Послезавтра я уезжаю! Либион считал, что в каждом порядочном городе существуют кафе и там коротают вечера художники и поэты. Он меня угостил на прощание дивным ар маньяком и сказал: «Когда ты будешь пить водку в московской «Ротонде», ты еще вспомнишь старика Либиона…» Диего Ривера радовался за меня - я еду на революцию, а он видел революцию в Мексике, это самое что ни на есть веселое дело. Модильяни мне сказал: «Может быть, мы увидимся, а может быть, нет. Мне кажется, что всех нас. посадят в тюрьму или убьют…»
Помню последний вечер в Париже. Я шел с Шанталь по набережной Сены, глядел кругом и ничего больше не видел. Я уже не был в Париже и еще не был в Москве; кажется, я нигде не был. Я сказал ей правду: я счастлив и несчастен. В Париже я плохо жил, и все-таки я люблю этот город. Я приехал сюда мальчишкой, по я знал тогда, что мне Делать, куда идти. Теперь мне двадцать шесть лет, я многому научился, но ничего больше не понимаю. Может быть, я сбился с пути?..

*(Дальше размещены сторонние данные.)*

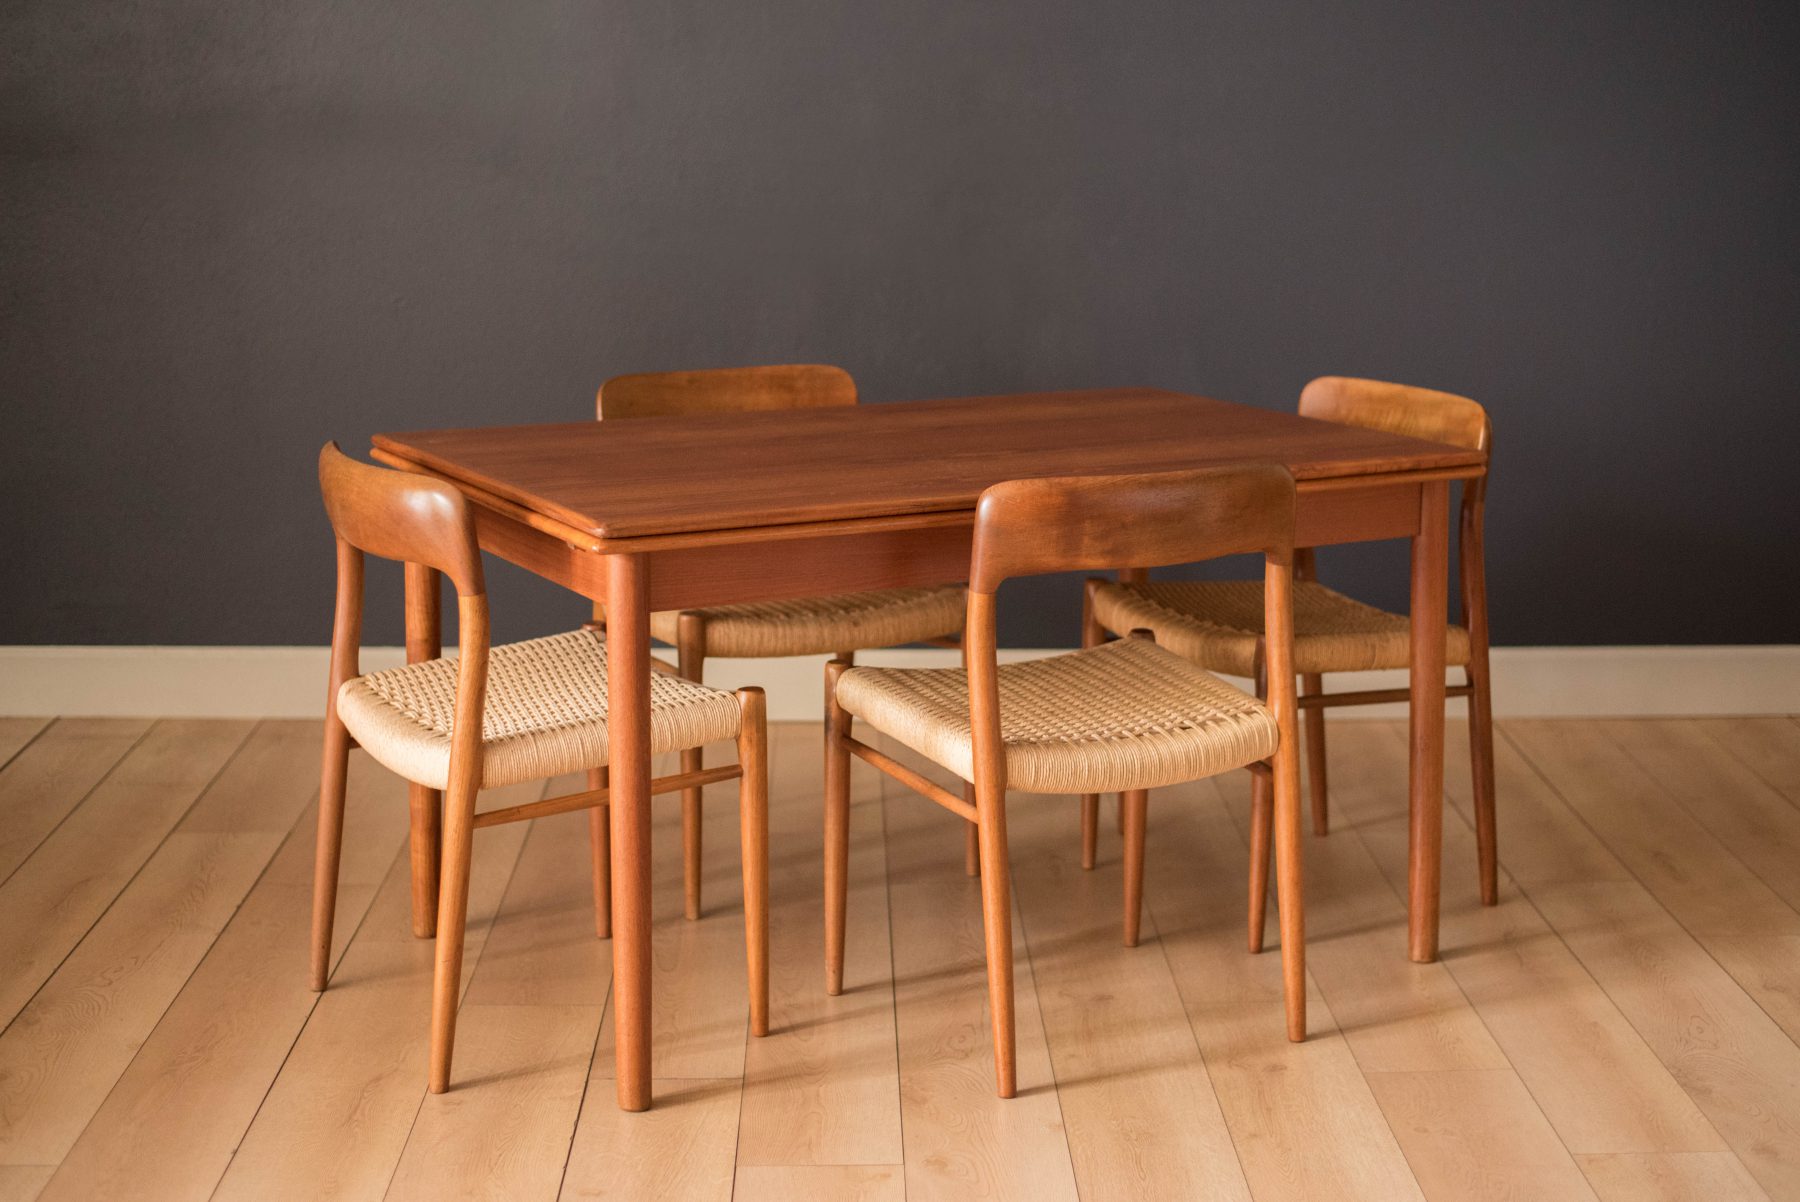 Rectangular Teak Dining Table: A Classic Choice

Она меня утешала, сказала: «До свидания!» Мне хотелось ответить: «Прощай!»
34
Французы писали на стенах: «Остерегайтесь, вас слышат вражеские уши!» Все только и говорили, что о бдительности. Однажды я поехал из Парижа в Эперне; на моем пропуске было пять печатей пяти различных ведомств: министерства иностранных дел, военного министерства, генерального штаба, «бюро передвижений в военной, зоне», «контроля над иностранцами»; я должен был провести пять дней в пяти канцеляриях; я лелеял документ, добытый с таким трудом; но никто ни разу у меня его не потребовал.
Англичане ничего не писали на стенах, и на моем паспорте была всего одна английская виза; но я увидел, что значит бдительность. Меня обыскивали в жизни много раз, но никто, однако, не проявлял в этом деле такого мастерства, как англичане. Меня заставили разуться, куда-то уносили ботинки; просмотрели все швы на пиджаке и на брюках; отобрали записную книжку, стихи Макса Жакоба и после долгих пререканий вернули фотографию Шанталь. Все это англичанин делал с милой улыбкой, нельзя было даже на него рассердиться.